Может быть, она с таким предательством никогда не сталкивалась. Только что были верными друзьями, рассказывали друг другу биографии, ели мороженое, смеялись и на тебе!
И тут я увидел, что на Наташку движется какая-то гигантская собака. Не собака, а буйвол! Я догнал ее и сказал:
— Спокойно. Я здесь.
Она радостно схватила меня за руку, прижалась и ответила:
— А я с тобой, Боря, даже собак не боюсь.
Вот здорово! Значит, она не обиделась. Действительно, чего на меня обижаться? Подумаешь, что-то не так сказал. Важно, что сделал.
— Портфель забыл! — крикнул Сашка.
Я вернулся и побежал за портфелем. Когда я подбежал, он расшнуровывал мяч. Я ждал, что он мне еще скажет, а он нахально выпустил воздух из камеры мне в лицо и сказал:
— Воспитатель! — взял портфель и удалился.
— Да ты не волнуйся, — жалким голосом крикнул я ему вслед, — мы их обыграем!
Он не откликнулся.
— Спасибо за портфель, — не сдавался я.
Вот что меня губит, так это жалость, и то, что я эмоциональный человек: не раздумывая совершаю разные поступки. Мне бы сейчас надо было перетерпеть, не бросаться Наташке на помощь, а я не выдержал.
А ведь мне Сашка дороже, чем она. У нас одна жизнь, одни идеалы.
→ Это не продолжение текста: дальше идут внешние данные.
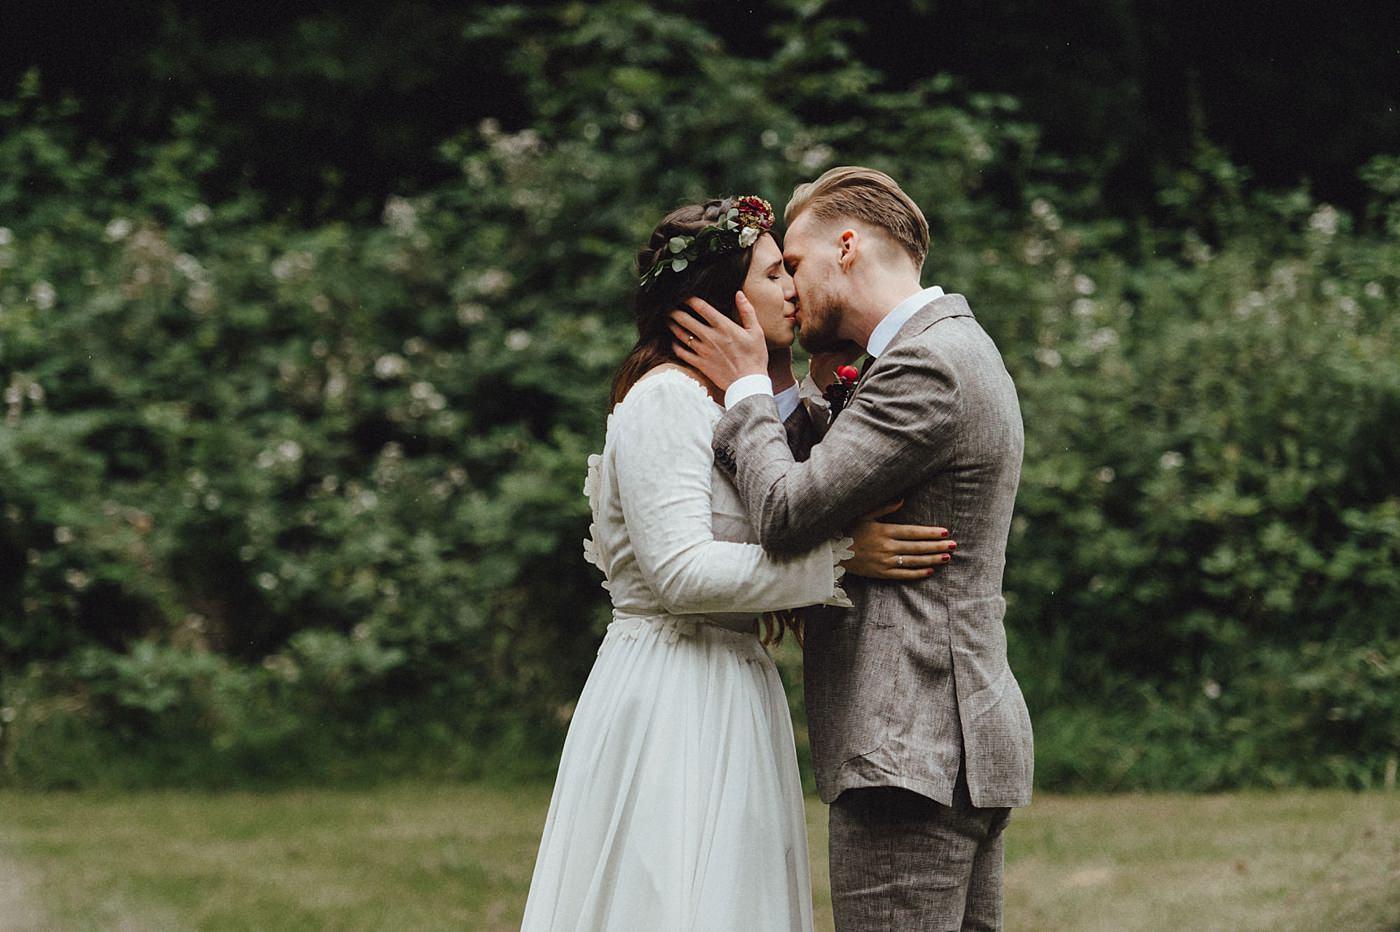 urban-elopement-wedding-124

Нам вместе жить да жить. А эта пигалица уже стояла опять около меня. Треснуть ее, что ли, по макушке, чтобы отделаться раз и навсегда? Я поднял руку для щелчка, но снова натолкнулся на ее доверчивые, прямодушные глаза и, вместо того чтобы ударить, обнял за плечи.
В этот день я прибежал в школу раньше обычного. В портфеле у меня лежало заявление о том, что я ухожу в отставку с высокого поста вожатого, поскольку это мешает моей личной жизни.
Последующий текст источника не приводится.